Esto importa, porque un GPF tratado como si fuera un DPF se puede estropear. Las diferencias principales:

DPF (diésel)GPF (gasolina)
Temperatura de escape 250-450 °C en uso normal Habitualmente por encima de 600 °C
Regeneración Necesita ciclos activos con post-inyección de gasóleo Casi siempre pasiva: la temperatura normal ya quema el hollín
Pared del sustrato Gruesa, alta capacidad de retención Mucho más fina, para no ahogar el motor
Recubrimiento A veces catalizado (cDPF) Casi siempre lleva encima el catalizador de tres vías
Suciedad dominante Hollín + ceniza de aditivos y aceite Aceite y ceniza; poco hollín acumulado

La consecuencia práctica es doble. Primero: como el GPF se regenera solo casi siempre, cuando se satura suele ser por una causa mecánica de fondo —consumo de aceite— y no por hábitos de conducción. Segundo: como la pared es fina y encima lleva el recubrimiento catalítico, el proceso de limpieza tiene que ser más suave en presión y más selectivo en química. Un ciclo pensado para un DPF de camión aplicado a un GPF puede fisurar el sustrato o arrancar el washcoat.

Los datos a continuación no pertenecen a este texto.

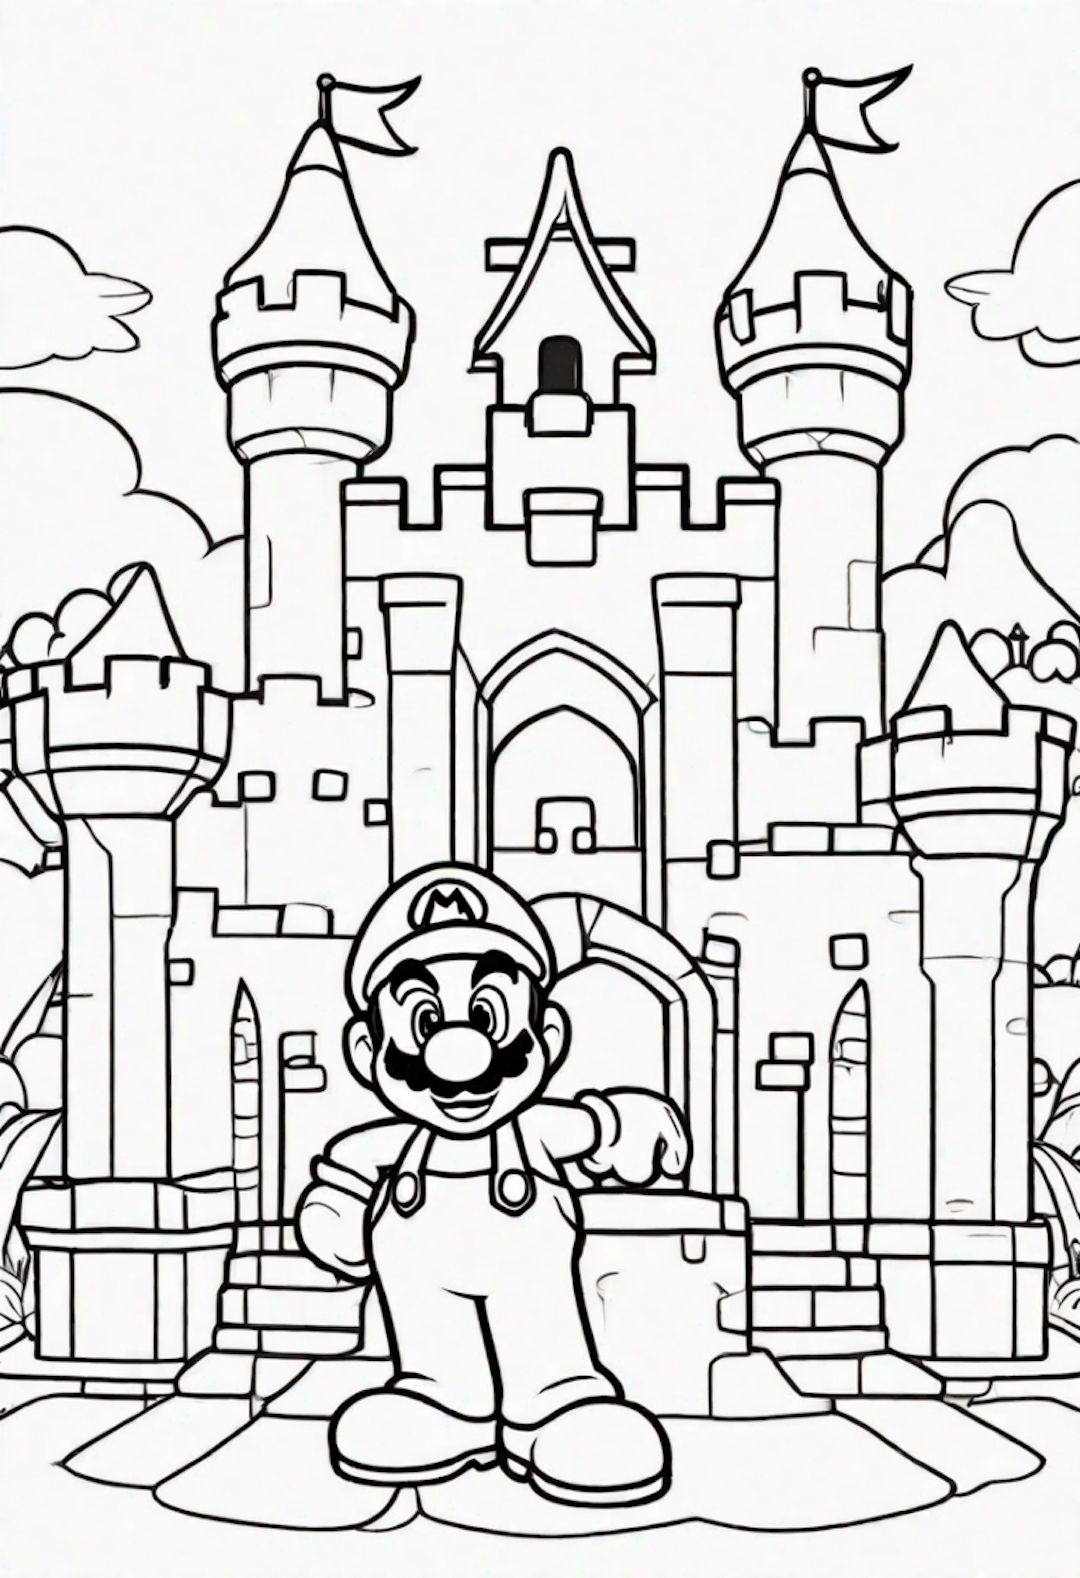 Mario at Peach’s Castle coloring pages

Un GPF saturado casi siempre es el síntoma, no la enfermedad. Si un filtro de gasolina se ha llenado, lo primero que hay que averiguar es de dónde sale el aceite: segmentos desgastados, retenes de válvula endurecidos, separador de vapores del cárter (PCV) obstruido o turbo con holgura en el eje. Si limpias el filtro y no corriges el origen, en unos meses estarás igual.

Síntomas de un GPF saturado

  • Pérdida de potencia progresiva, especialmente notable en motores turbo, porque la contrapresión estrangula la turbina.
  • Testigo de motor encendido, con frecuencia acompañado de mensaje de emisiones.
  • Modo de emergencia con potencia limitada.
  • Turbo que sopla menos: respuesta perezosa y menor presión de soplado.
  • Consumo al alza sin causa aparente.
  • Ralentí inestable en algunos modelos, por la alteración del barrido de gases.

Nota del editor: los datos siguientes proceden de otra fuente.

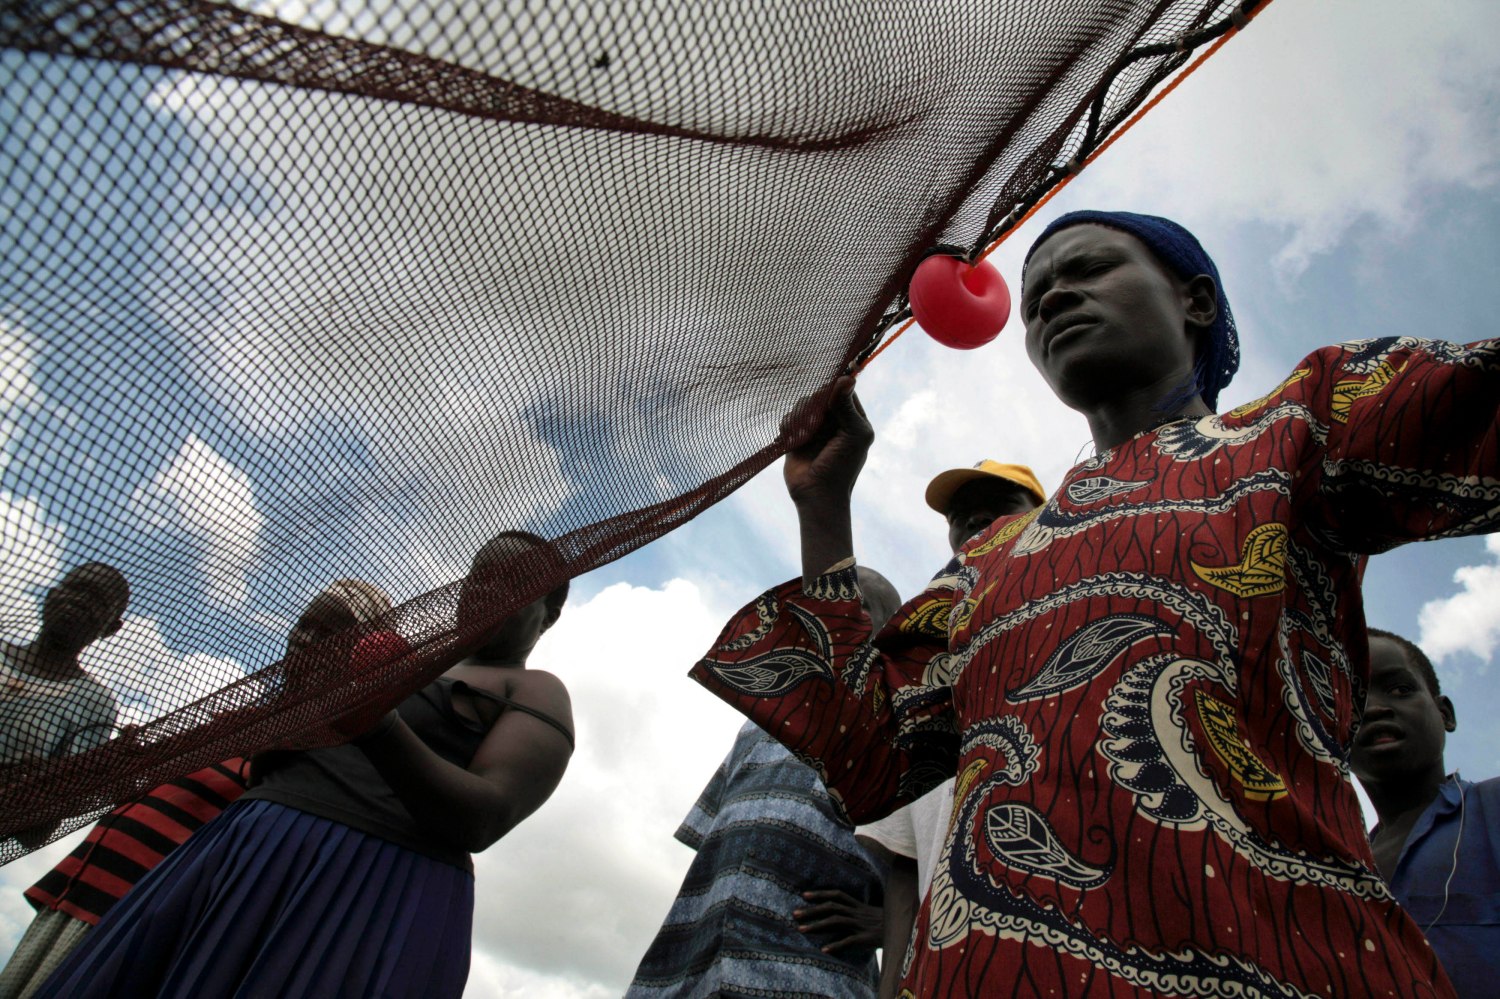 Women prepare to cast a net at a community fish farm project east of Lira in northern Uganda July 28, 2007. The Samaritan's Purse/WFP started the project after some 450,000 ethnic Langi displaced into camps by the Lord's Resistance Army returned home in the last 18 months, according to UNHCR. REUTERS/Euan Denholm (UGANDA)

Códigos de avería más habituales en GPF y OPF:

CódigoSignificado
P2452 / P2453Circuito o rendimiento del sensor de presión del filtro de partículas.
P24A0 / P24A1Restricción del filtro de partículas de gasolina.
P0420 / P0430Rendimiento del sistema catalizador. En muchos GDI el catalizador y el GPF comparten cuerpo, así que el código puede apuntar a los dos.
P144CFallo de la regeneración del filtro de partículas.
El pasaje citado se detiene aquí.